View attachment ImageUploadedByHome Repair1417097554.786195.jpg


----------



## havasu (Nov 27, 2014)

Do you sub out the paving? Really nice work. Is that also in the same desert area from last week?


----------



## Chris (Nov 27, 2014)

Same desert and no we do our own paving. I used to sub it out but the work was poor and we got complaints.

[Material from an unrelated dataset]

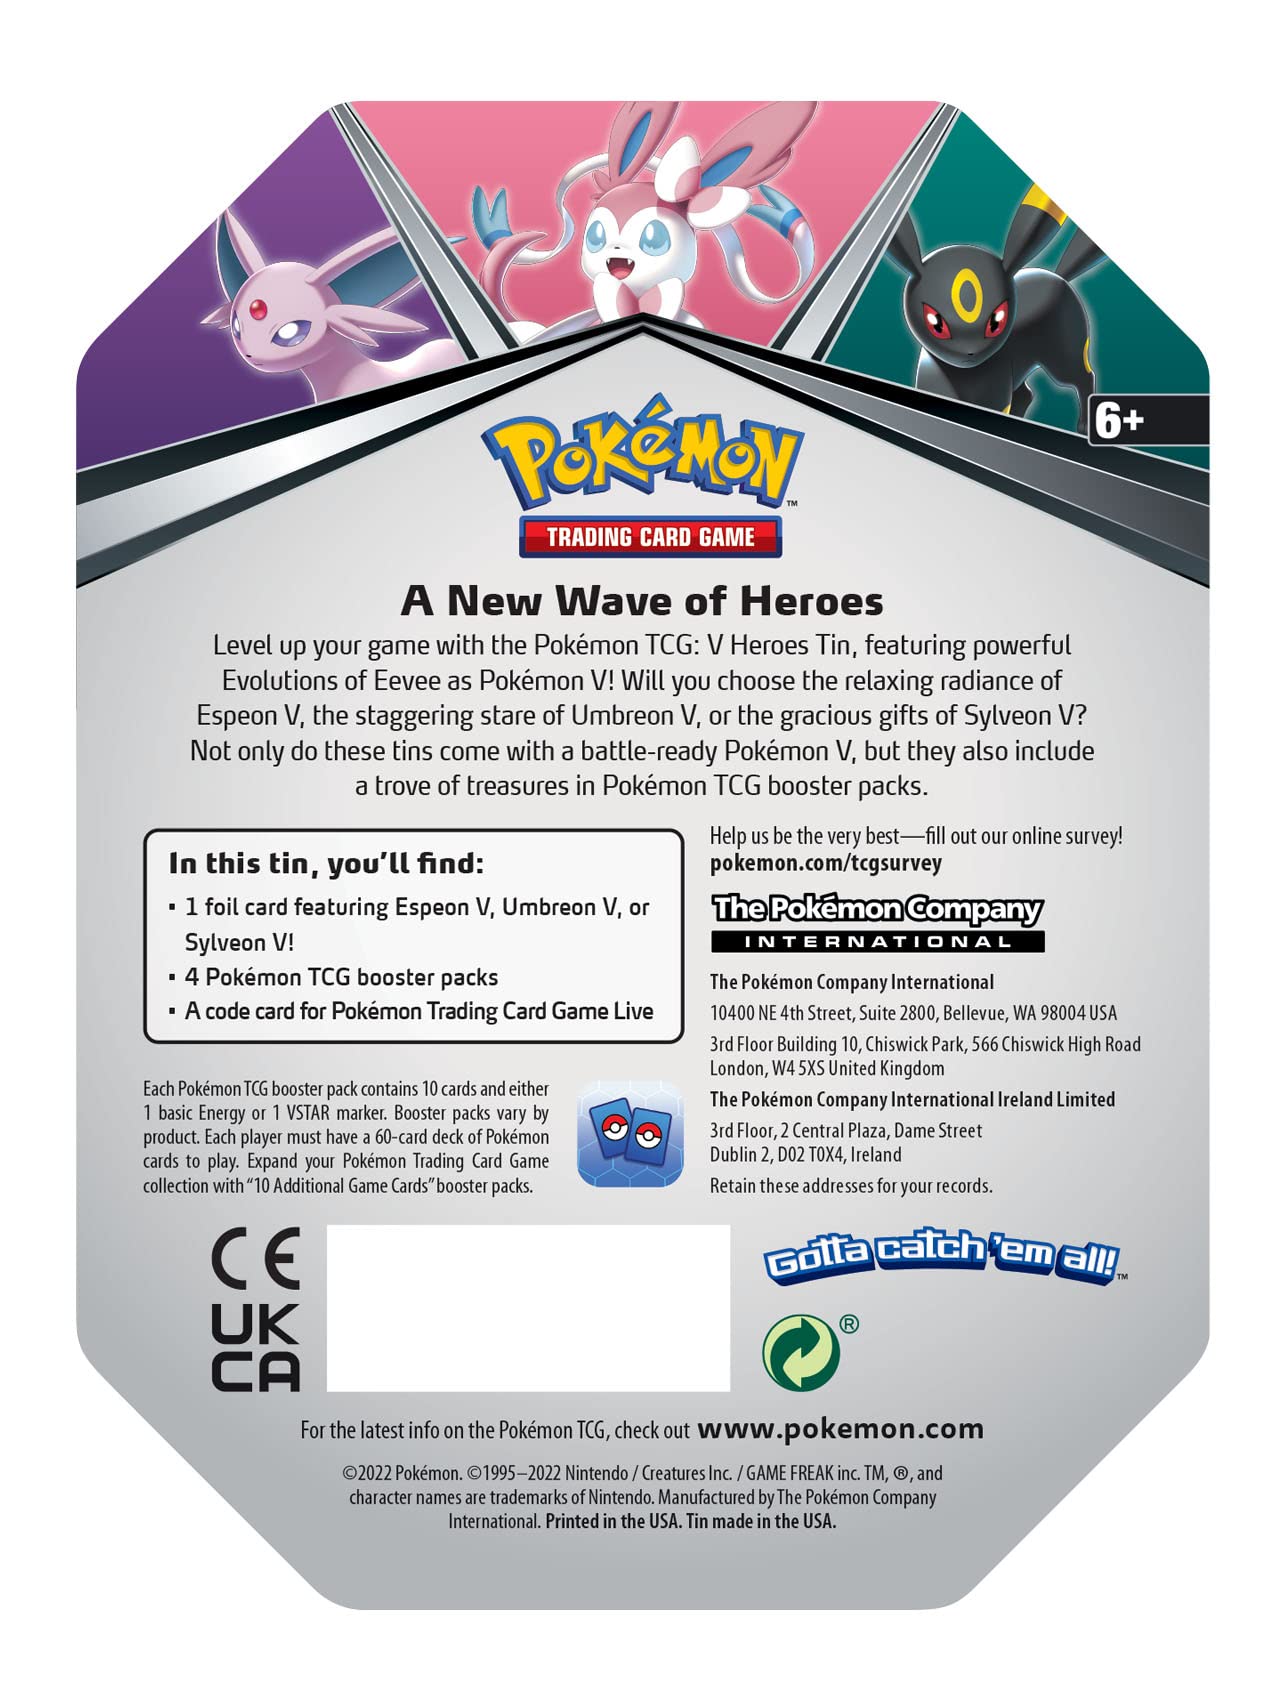 Pokemon TCG: V Heroes Tin Espeon (1 Foil Card & 4 Booster Packs)

My guys do a better job than my subs did.


----------



## frodo (Nov 27, 2014)

wish your guys would come over here and teach this county road crew how to patch a road correctly
 they install more pot holes than they fix!!!


----------



## slownsteady (Nov 27, 2014)

Yeah, that's called 'job security'.


----------



## oldognewtrick (Nov 27, 2014)

slownsteady said:


> Yeah, that's called 'job security'.




Zactly what I was thinking.


----------



## frodo (Nov 27, 2014)

there is a stretch of I 55  thru Jackson.  they have put it in and tore it out for the past 20 years

guys have been hired and retired on that 1 mile stretch


----------



## Chris (Nov 27, 2014)

Could have something to do with the earth under it?


----------



## frodo (Nov 27, 2014)

yeah,,,its called yazoo clay  

i can jump up and down and you can feel it 10 ft away.

nasty stuff,  will fug a house up in a heart beat

where clay is,  you send pile ons   down to bedrock in the corners of the house
 roads are like old wash boards, 

i have used a ditch witch to cut a ditch,  and have it close up behind me
it looks like your machine is a zipper on a pair of pants


----------



## Chris (Nov 27, 2014)

They probably should have put in a few feet of base first although those roads would get pretty expensive but at least they would last.


----------